How reliable are all those stories about the number of Eskimo words for snow? How can lamps, flags, and parrots be libelous? How might Star Trek's Commander Spock react to Noam Chomsky's theories of language? These and many other odd questions are typical topics in this collection of essays that present an occasionally zany, often wry, but always fascinating look at language and the people who study it.

Geoffrey K. Pullum's writings began as columns in Natural Language and Linguistic Theory in 1983. For six years, in almost every issue, under the banner "TOPIC. . .COMMENT," he published a captivating mélange of commentary, criticism, satire, whimsy, and fiction.
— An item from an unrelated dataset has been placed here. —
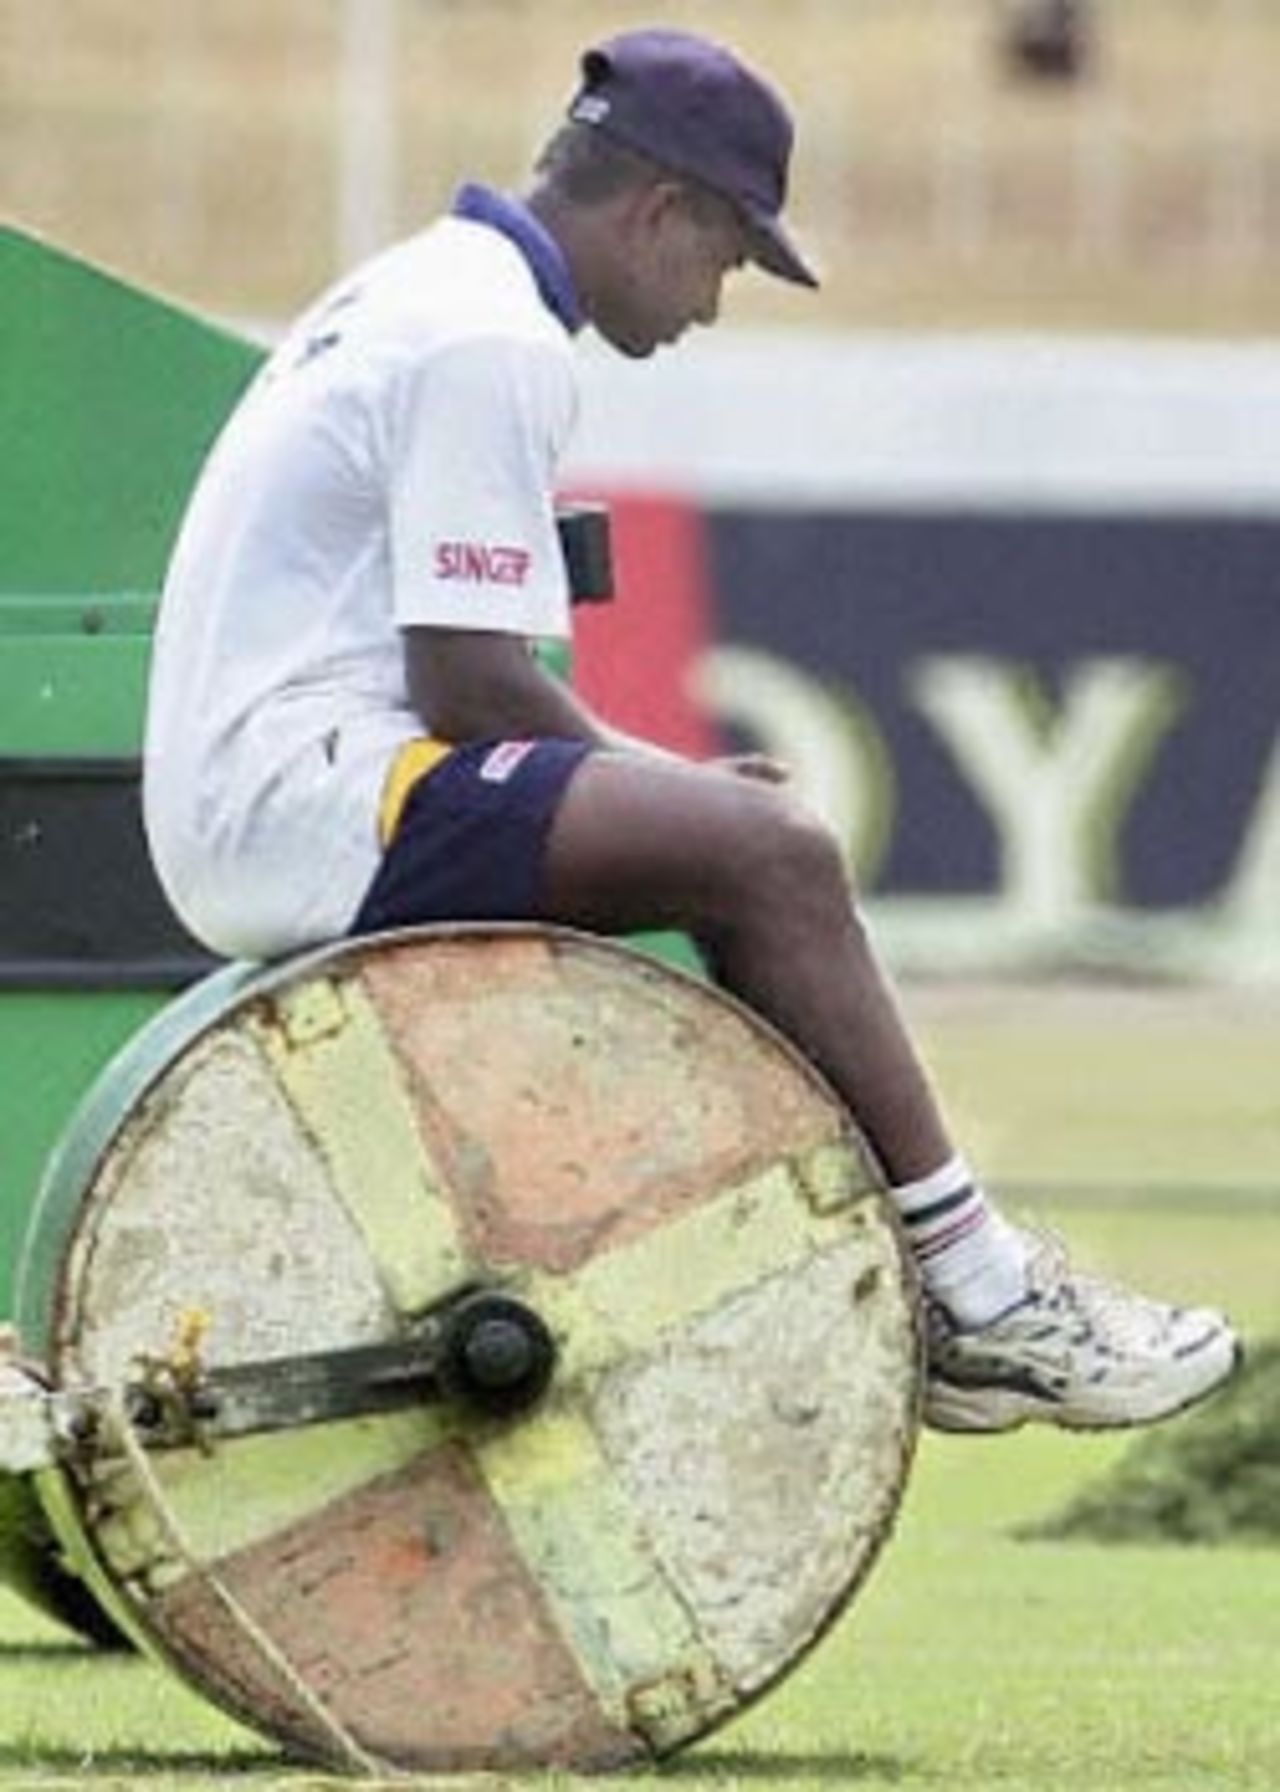 28 August 2001: India in Sri Lanka, Practice Session at the Sinhalese Sports Club Ground in Colombo before the 3rd Test

Those columns are reproduced here—almost exactly as his friends and colleagues originally warned him not to publish them—along with new material including a foreword by James D. McCawley, a prologue, and a new introduction to each of these clever pieces. Whether making a sneak attack on some sacred cow, delivering a tongue-in-cheek protest against current standards, or supplying a caustic review of some recent development, Pullum remains in touch with serious concerns about language and society. At the same time, he reminds the reader not to take linguistics too seriously all of the time.
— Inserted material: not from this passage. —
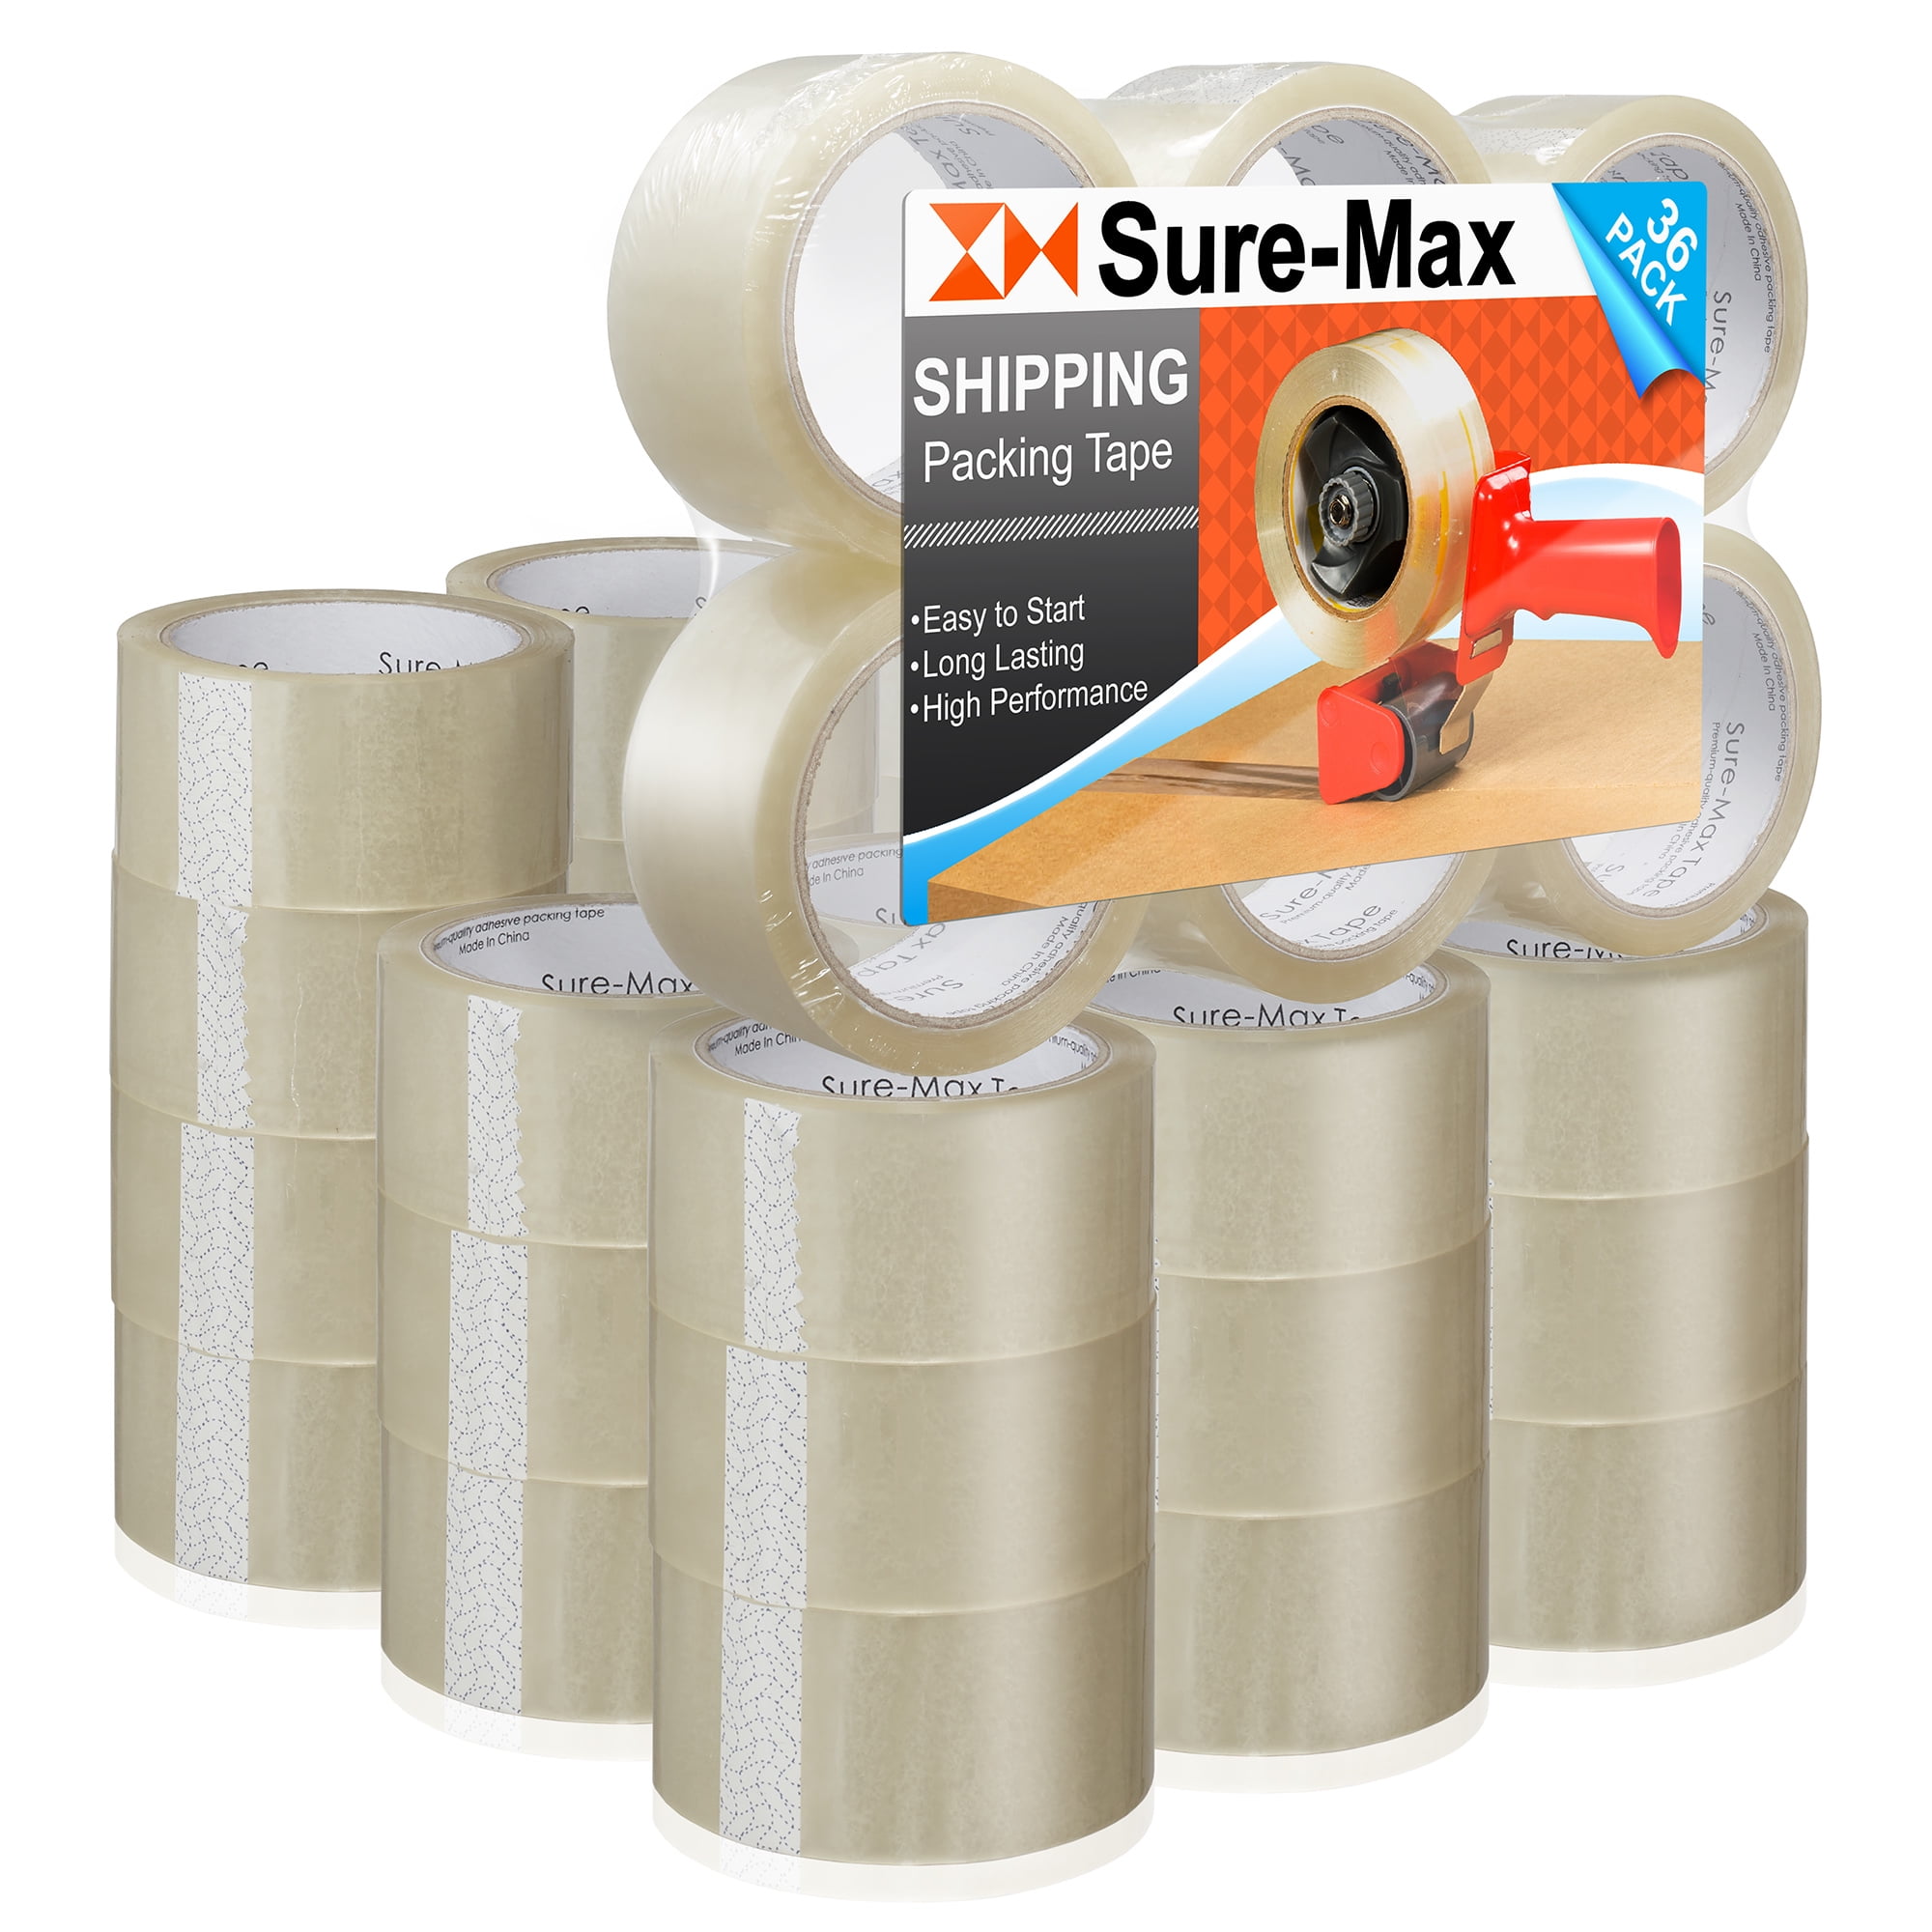 Scotch, Office, 4 New Rolls Of Packt Paper Packing Tape By Scotch

Pullum will take you on an excursion into the wild and untamed fringes of linguistics. Among the unusual encounters in store are a conversation between Star Trek's Commander Spock and three real earth linguists, the strange tale of the author's imprisonment for embezzling funds from the Campaign for Typographical Freedom, a harrowing account of a day in the research life of four unhappy grammarians, and the true story of how a monograph on syntax was suppressed because the examples were judged to be libelous. You will also find a volley of humorous broadsides aimed at dishonest attributional practices, meddlesome copy editors, mathematical incompetence, and "cracker-barrel philosophy of science." These learned and witty pieces will delight anyone who is fascinated by the quirks of language and linguists.